▶ _Data block_:

+---+

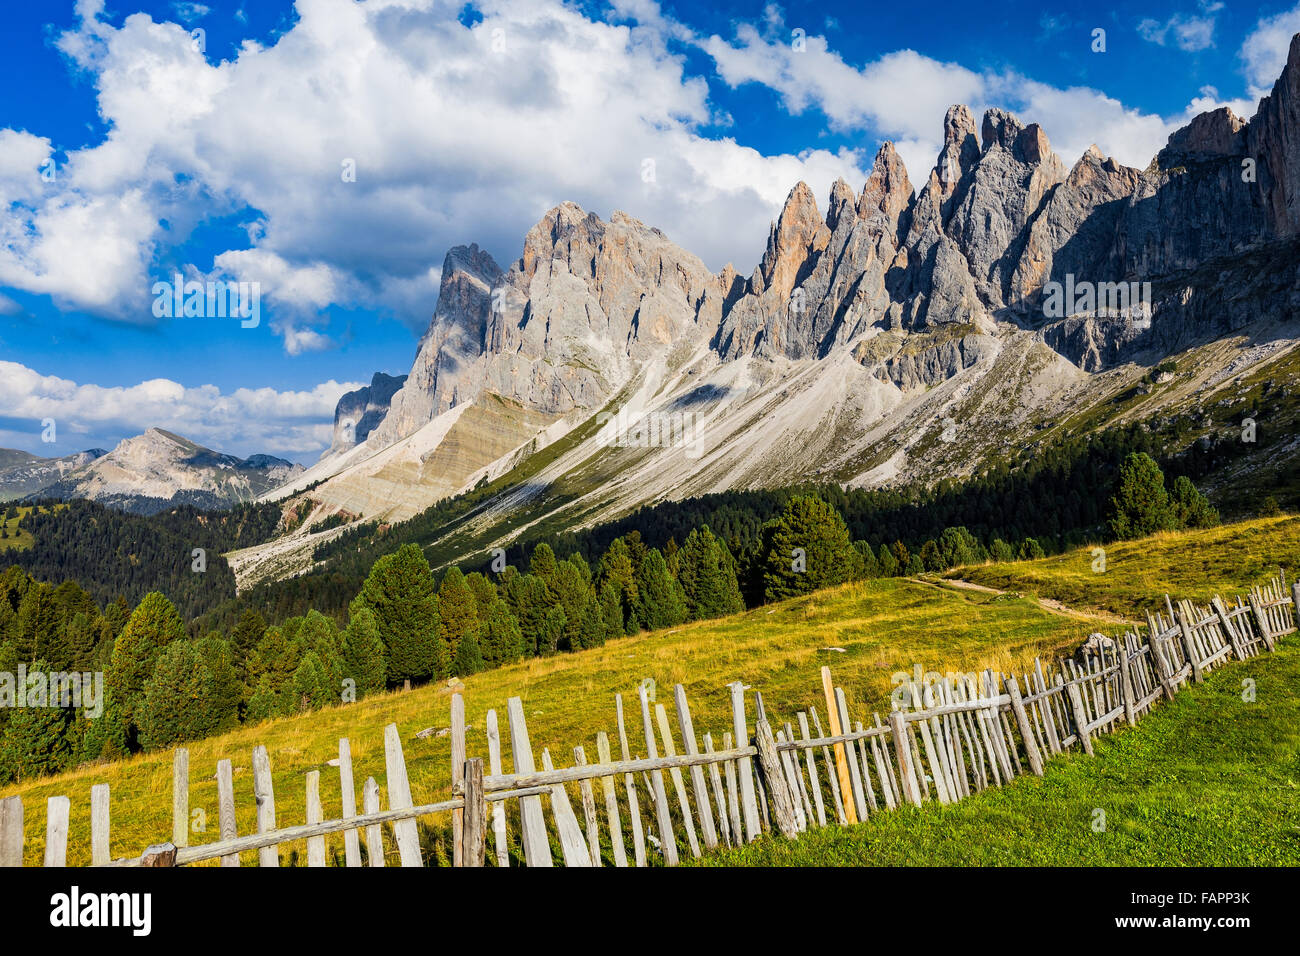 Le Odle gruppo montuoso. Praterie Alpine, recinti di legno. Val di Funes, la Val Gardena Dolomiti Alto Adige Südtirol, Alpi Italiane. L'Europa. Foto Stock
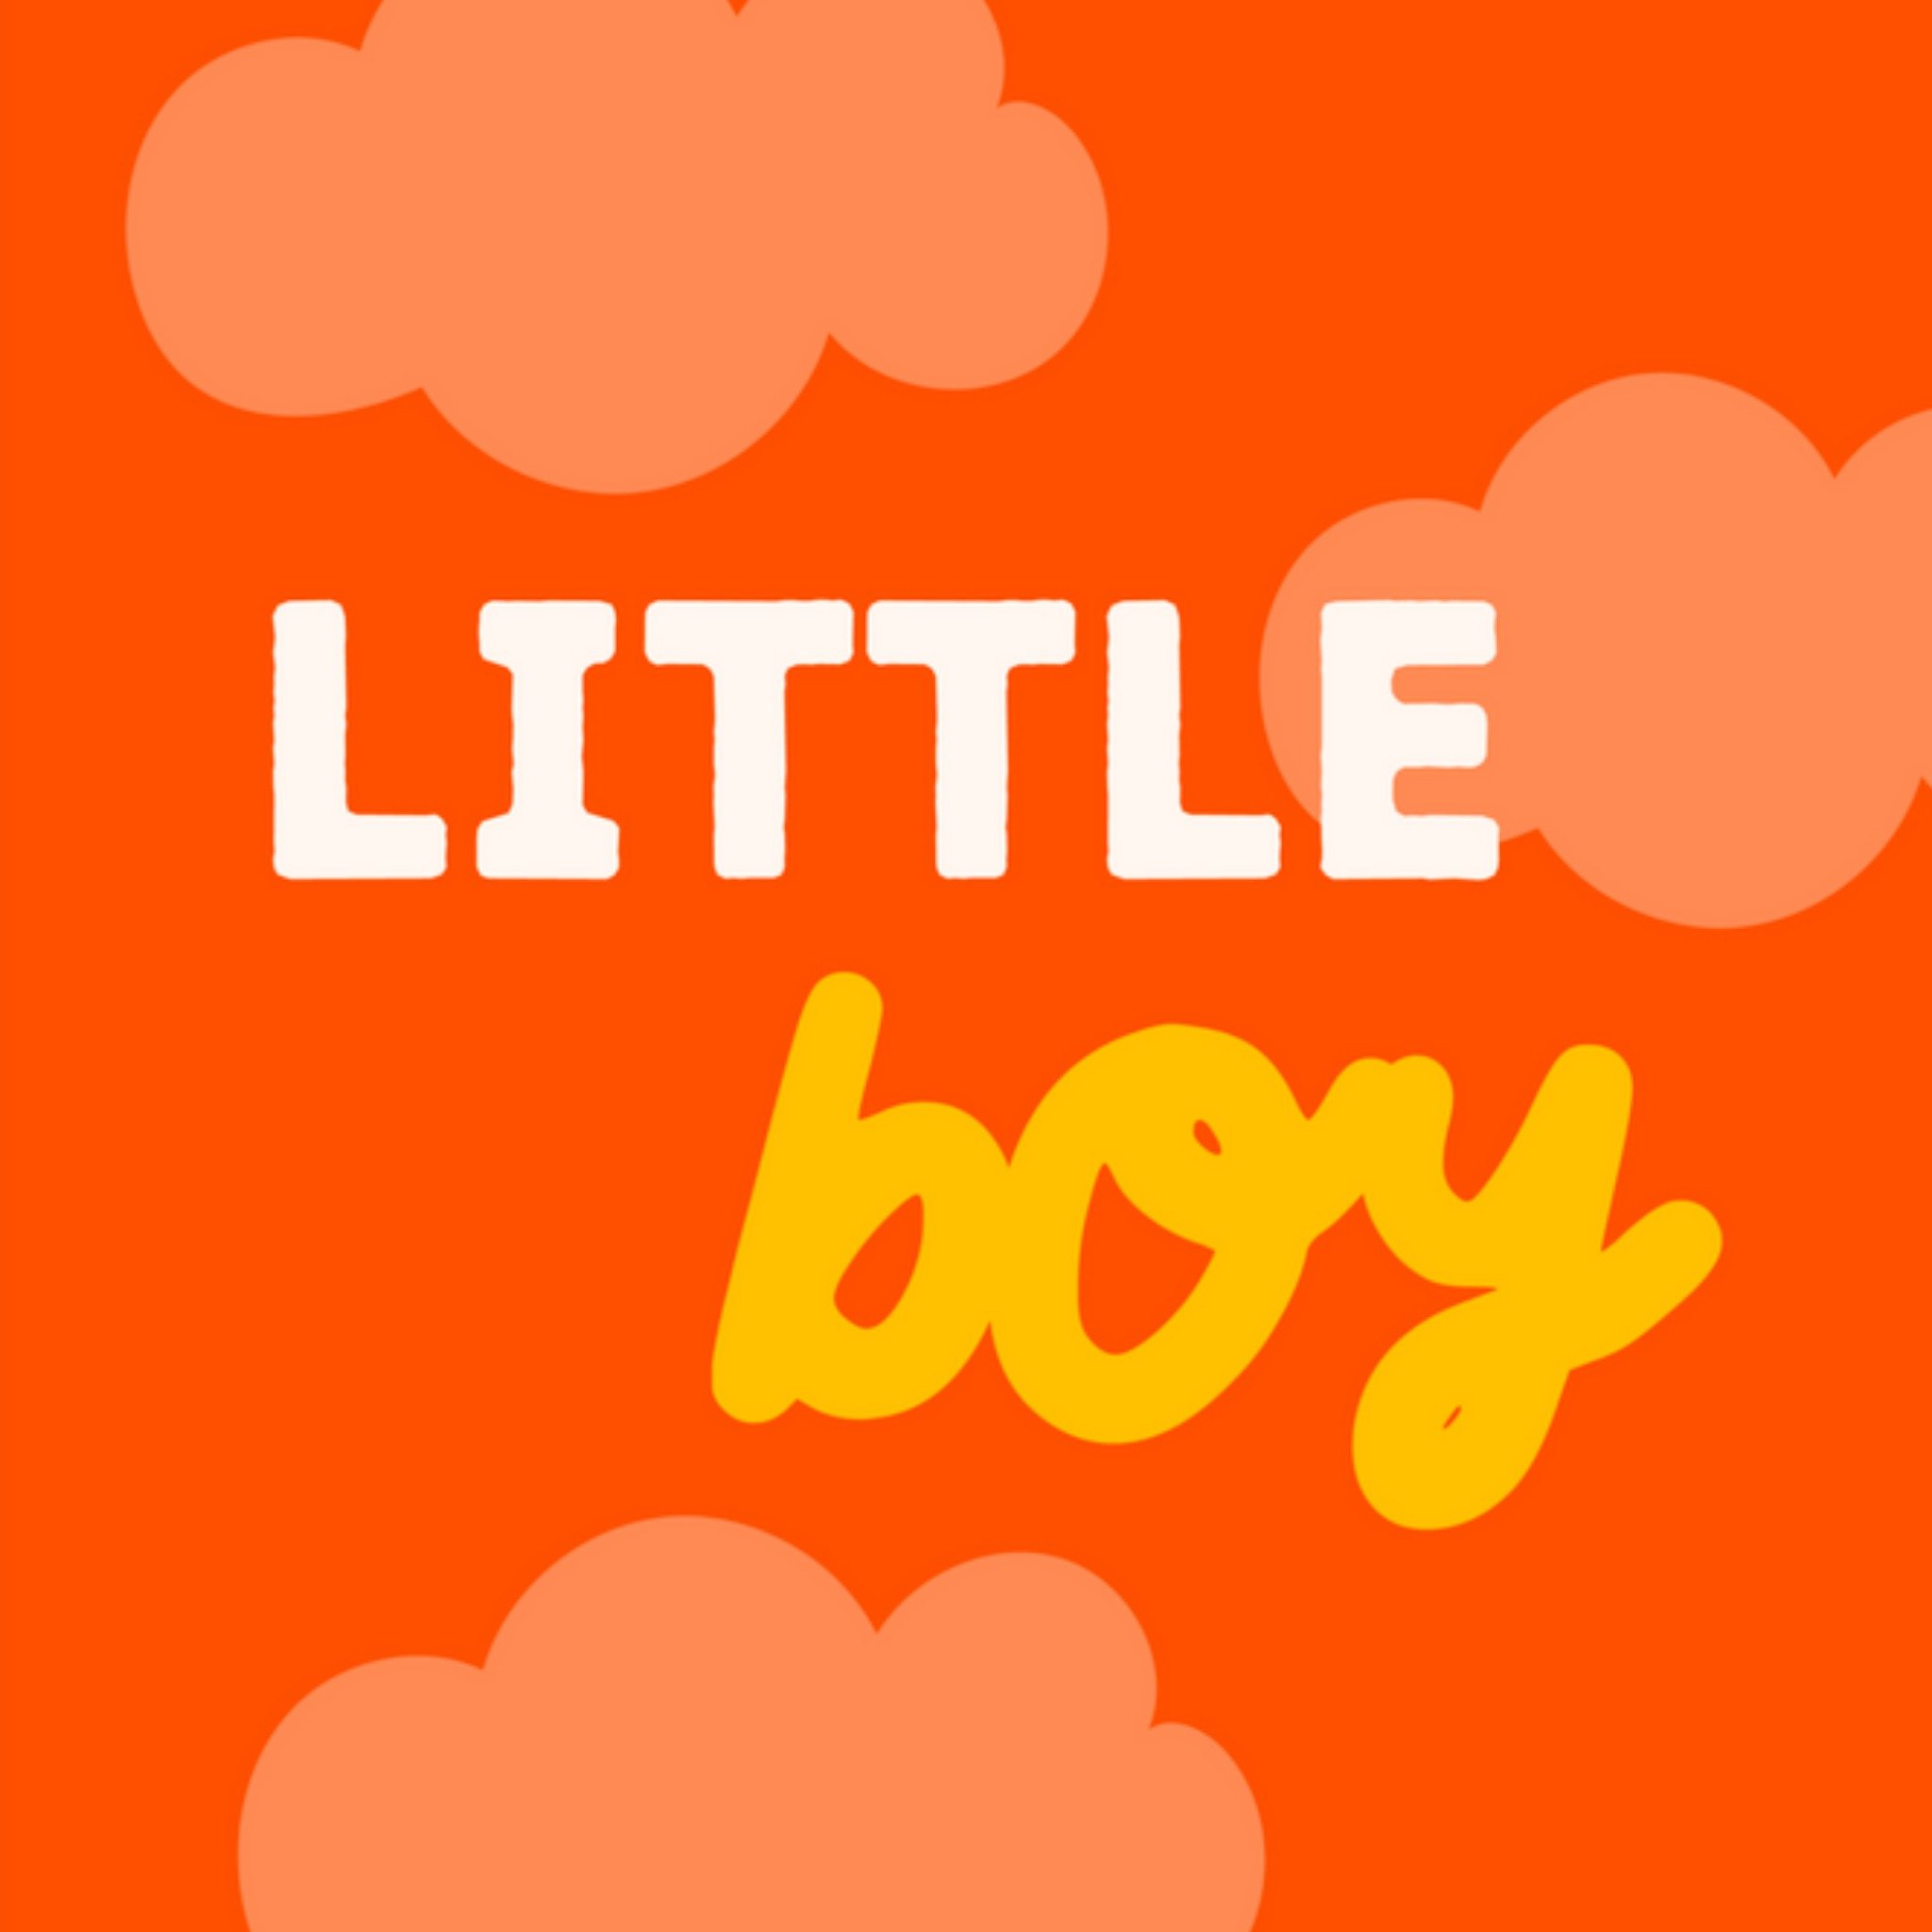 Geboortekaart - little boy
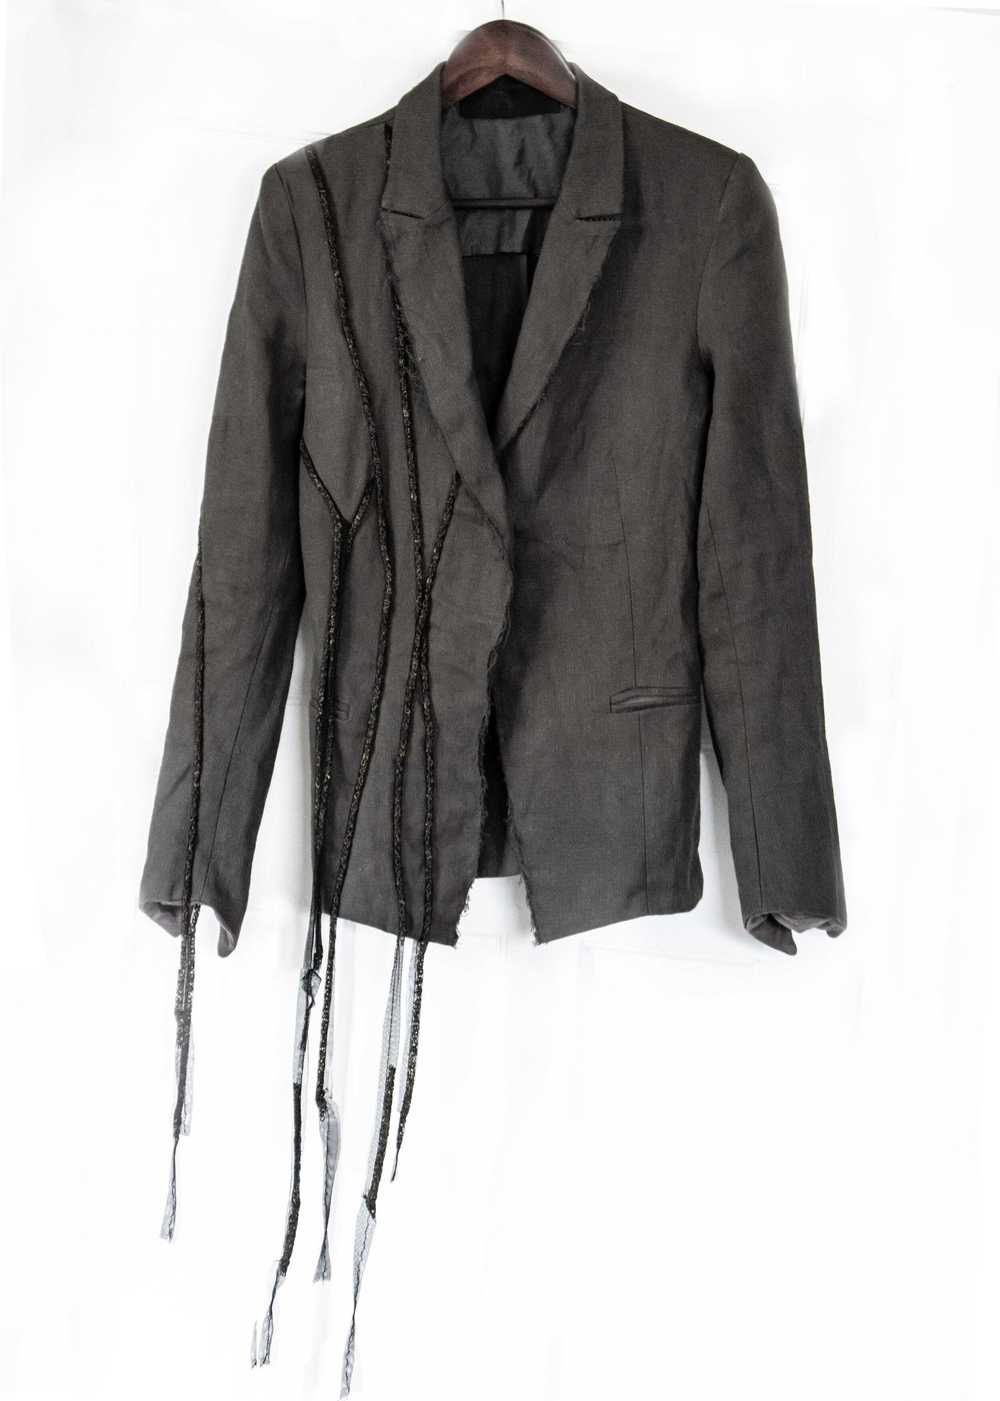 Marc Le Bihan Cotton/Linen Chain Detail Jacket - image 1
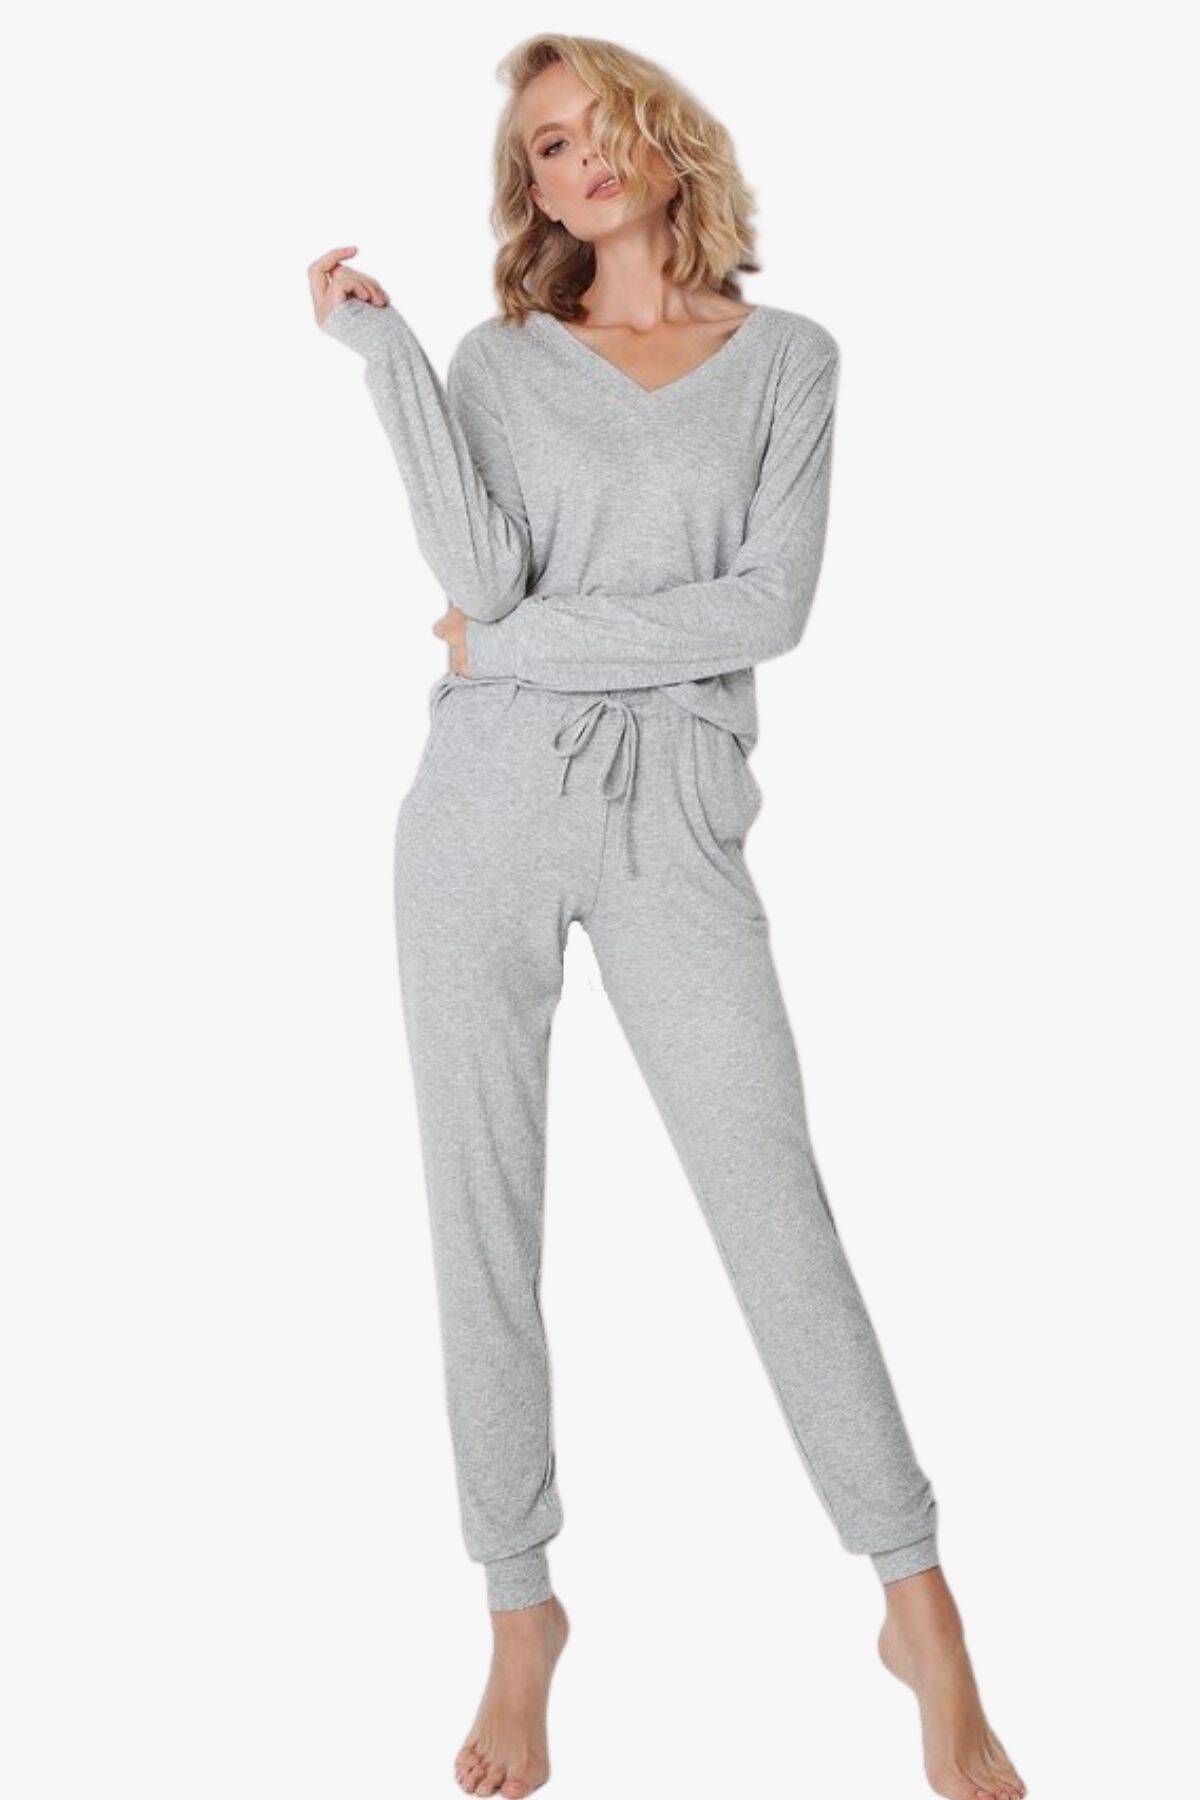 Пижама женская с брюками ARUELLE Tina set grey, grey вид 0

+---+

▶ _Assignment_:
Each line above must be set down exactly, though no picture should be carried over.

▶ _Answer below_:
 Le Odle gruppo montuoso. Praterie Alpine, recinti di legno. Val di Funes, la Val Gardena Dolomiti Alto Adige Südtirol, Alpi Italiane. L'Europa. Foto Stock
 Geboortekaart - little boy
 Marc Le Bihan Cotton/Linen Chain Detail Jacket - image 1
 Пижама женская с брюками ARUELLE Tina set grey, grey вид 0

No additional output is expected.